## PROMPT:
Copy the data exactly. Images are the one exception.

┌─ MATERIAL PROVIDED

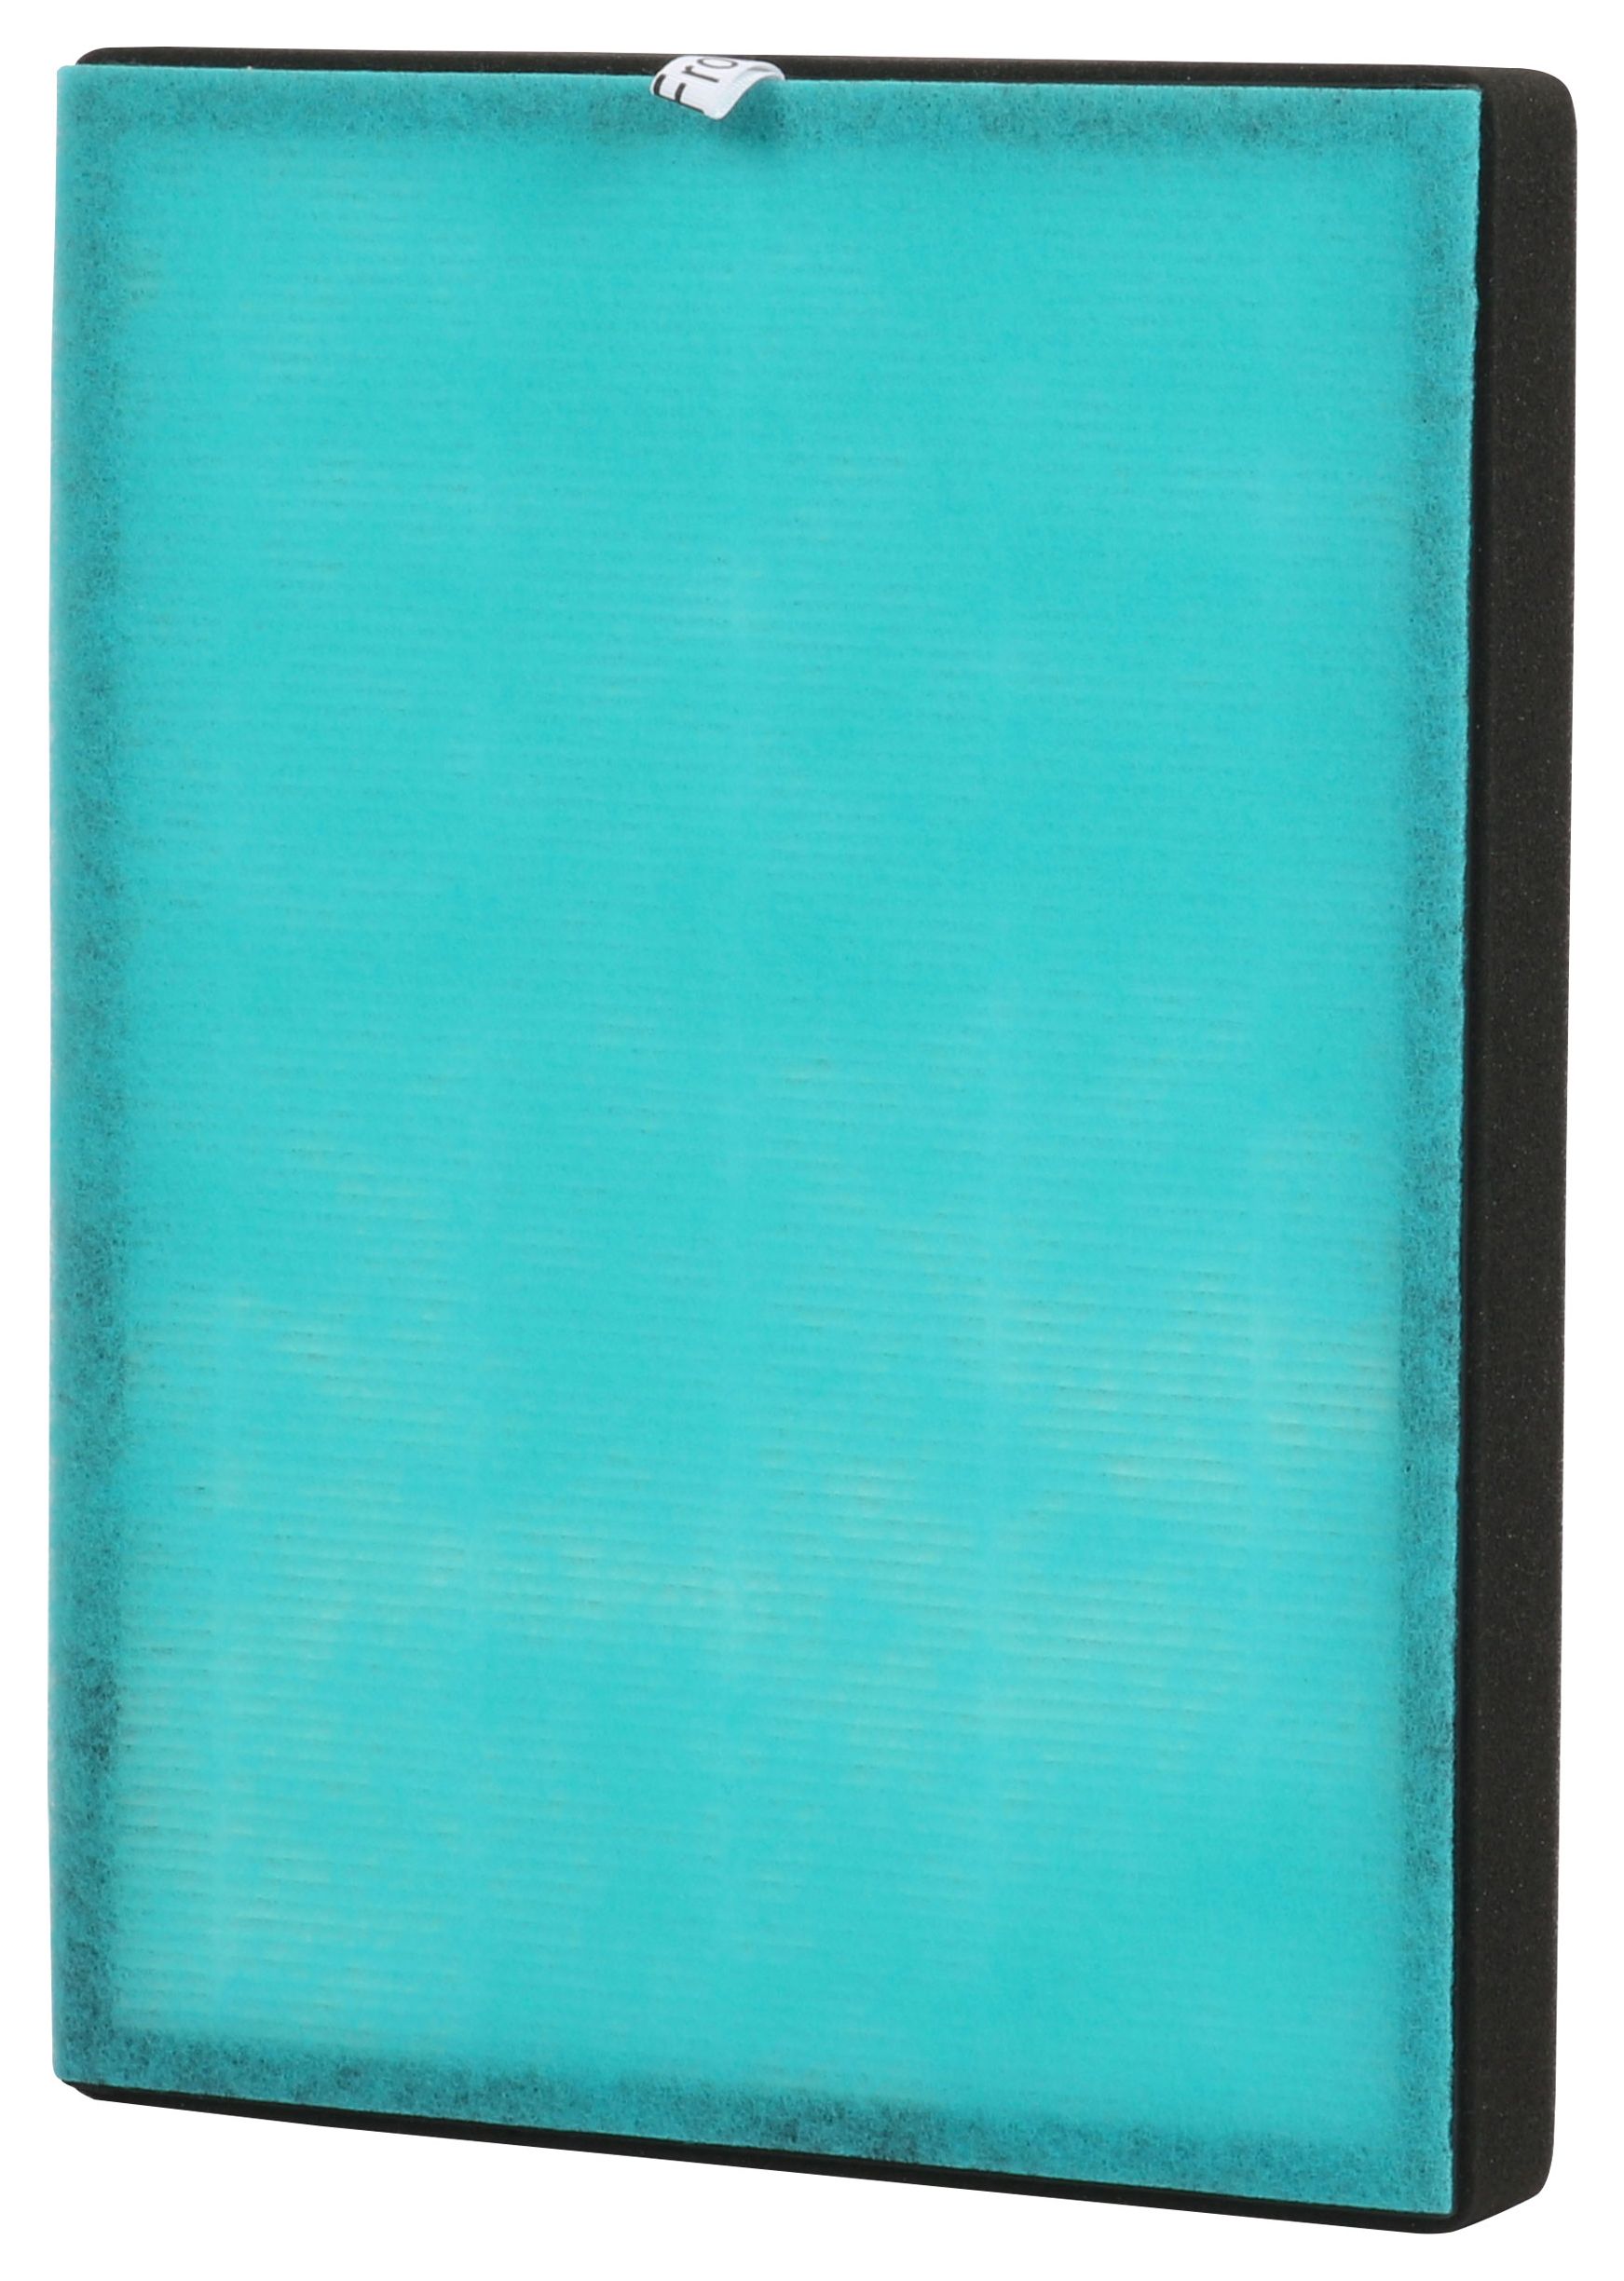 Image of PureAir Room Filter Advanced Air Purification
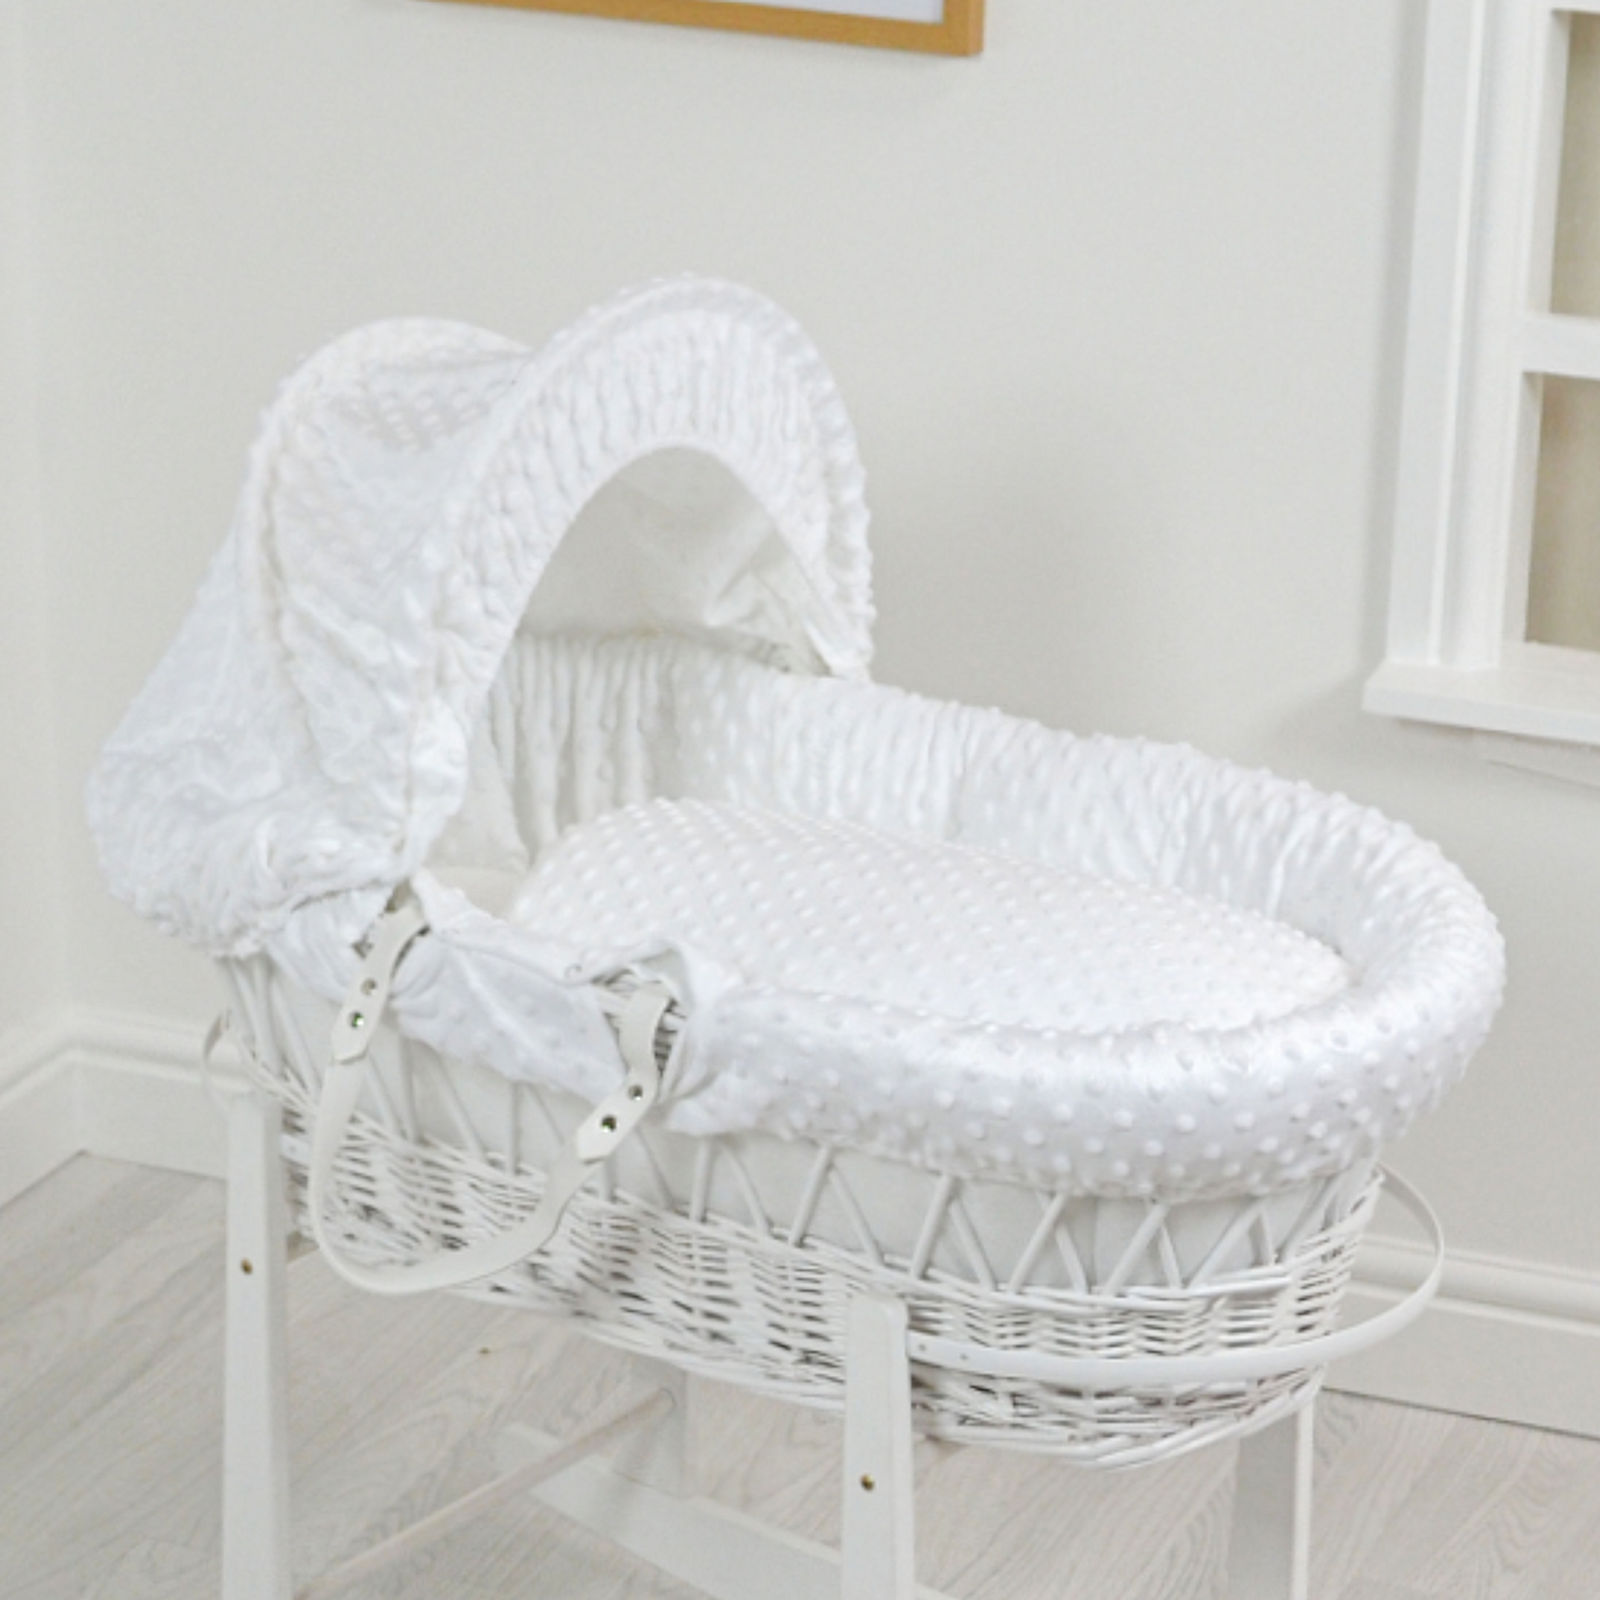 4Baby Luxury Padded White Wicker Baby Moses Basket - White Dimple
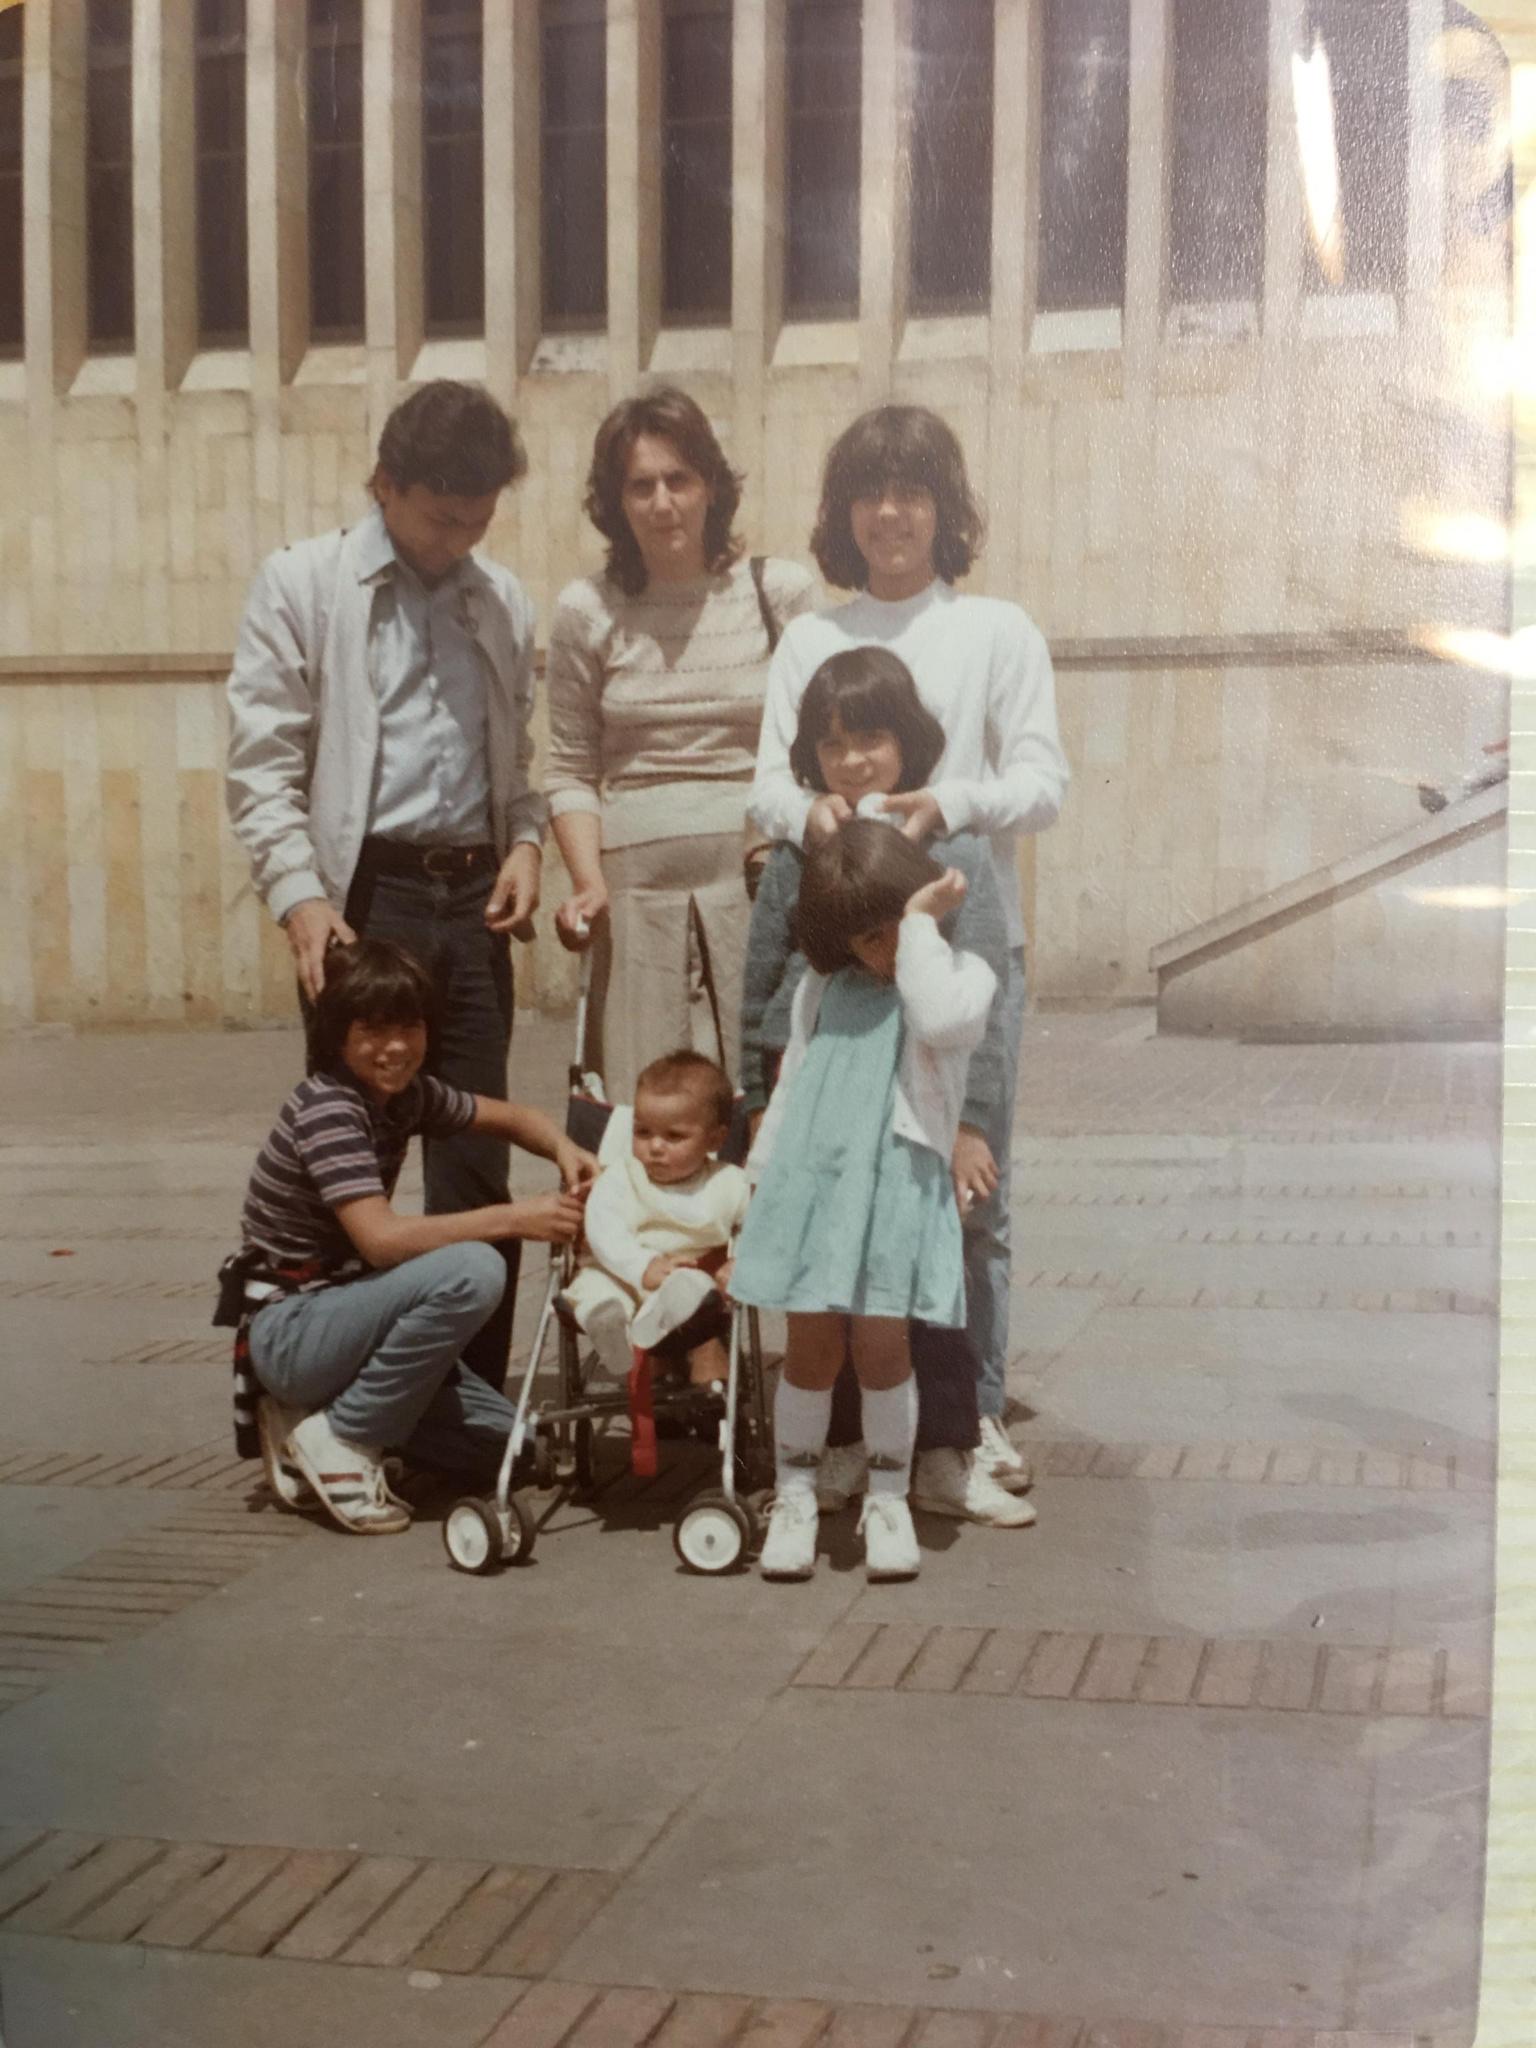 Photo of Magistrate Urán, his wife, and their children in front of the Palace of Justice a few days before the Palace of Justice siege. Photo courtesy of Helena Urán.

└─

## RESPONSE AREA:
 Image of PureAir Room Filter Advanced Air Purification
 4Baby Luxury Padded White Wicker Baby Moses Basket - White Dimple
 Photo of Magistrate Urán, his wife, and their children in front of the Palace of Justice a few days before the Palace of Justice siege. Photo courtesy of Helena Urán.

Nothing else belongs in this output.